If I were the OP, I would not spend too much on fancy HRMs and instead get some good training advice, keep a good diary and save up some $ for a 2nd hand Powertap in good condition. 

Even an old wired PT model could be picked up for a few hundred bucks somewhere. Get a year out of it and they would learn a heap about their own training and be able to calibrate their own "RPE meter".


----------



## mjengstrom (Apr 20, 2009)

Do you plan to train indoors? If so, I would seriously look at using virtual power from a tool like TrainerRoad.com. All you need is an ANT+ Speed/Cadence Sensor (~$35) and an ANT+ Stick ($30) and a support trainer. If you look around, you can pick up a used trainer for under $50 that is on the list of support trainers. I bought my first trainer for $20 off of craigslist, but have since upgraded to a KK Road Machine. TrainerRoad.com costs around $10/month, but there are freeware tools that do a similar thing (although not as good as TrainerRoad)

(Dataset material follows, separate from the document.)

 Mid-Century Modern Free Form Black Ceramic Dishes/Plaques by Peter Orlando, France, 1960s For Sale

http://www.trainerroad.com/virtual-power

If you dont want to spend that much, you can also use speed on the trainer as a way to gauge effort (This is how virtual power is actually calculated). You still need to use a trainer with a known power curve and have a way to measure speed, but you can do this with many of the cheaper bike computers that use a magnet on the spokes as a way to measure speed. 

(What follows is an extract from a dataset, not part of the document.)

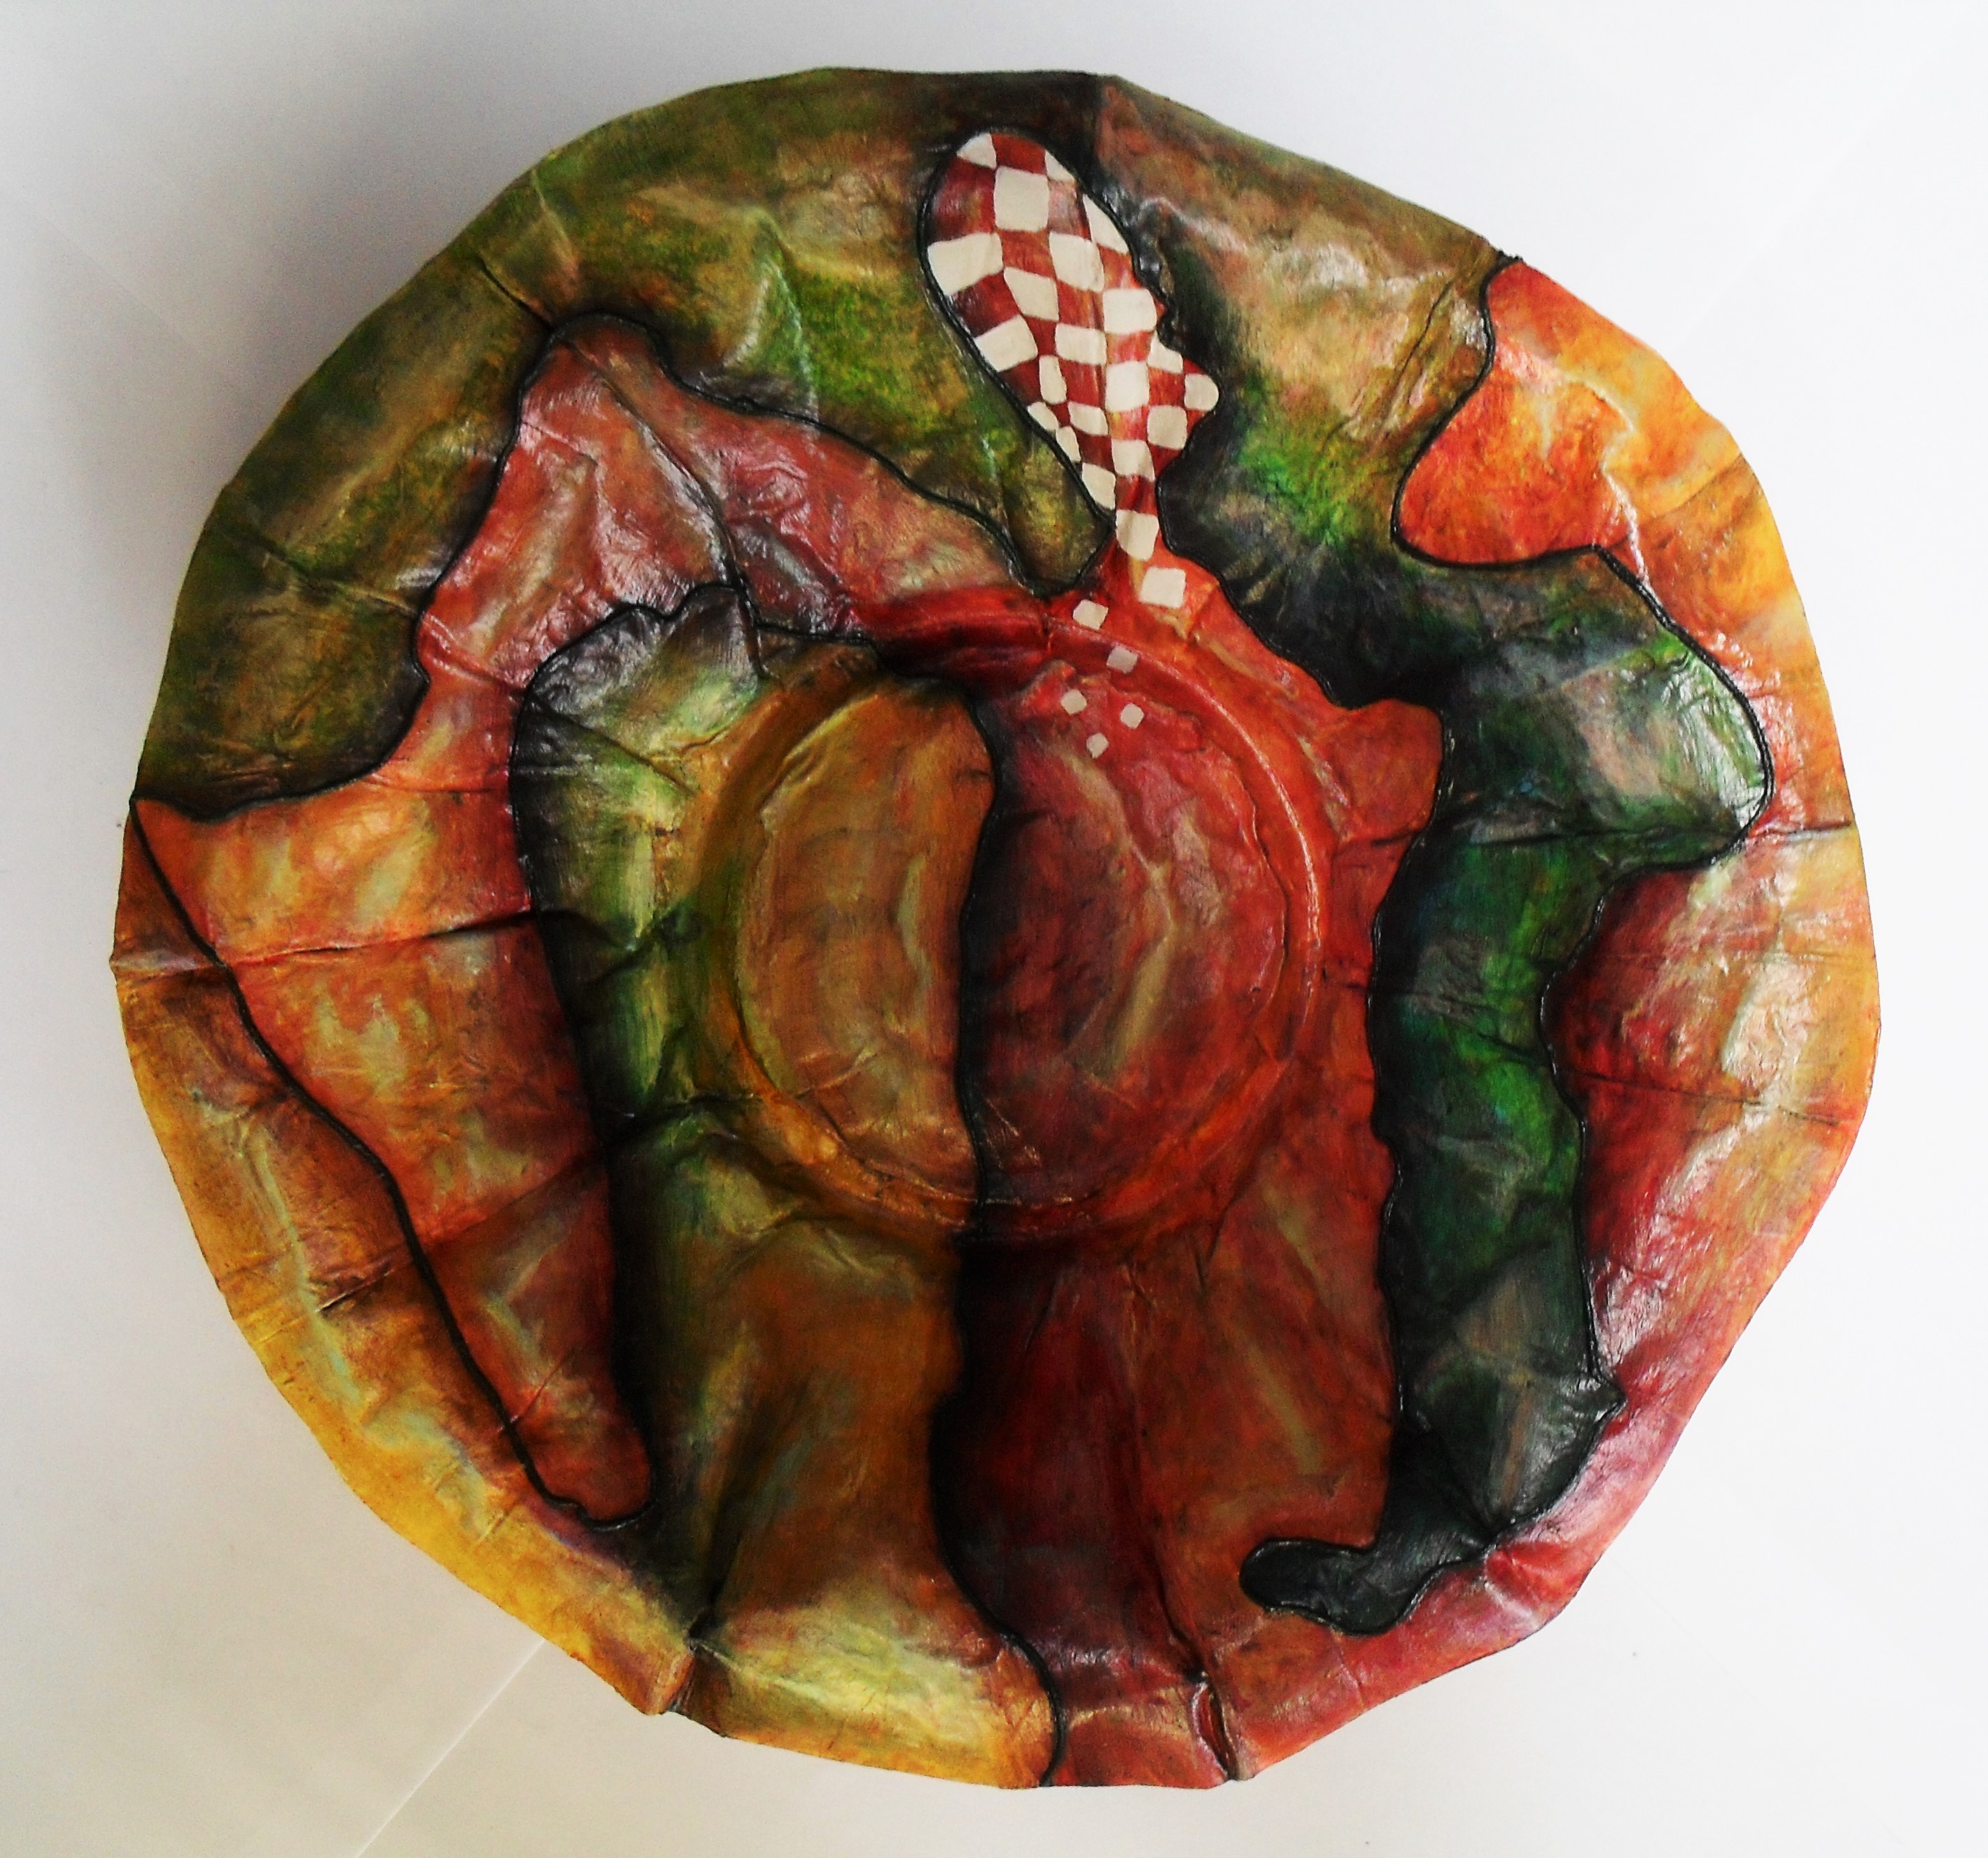 Bowl made of paper mache, painted with acrylics, varnished with yacht varnish art and design by lia van Elffenbrinck

Personally, I found this to be a great way learn about training with power without making the huge investment. Once I started though, it was so convincing, that I bought a Quarq powermeter the next spring. I still use this with TrainerRoad in the winter though. I found this much better than using an HRM.

I tried using an HRM for outside training and found it was not effective - there were too many other variables that impacted my HR and the delay in HR response is too slow for shorter intervals. I have also had bad luck finding an HRM that works for more than 6 months before it starts giving me bad data (really high or low spikes).


----------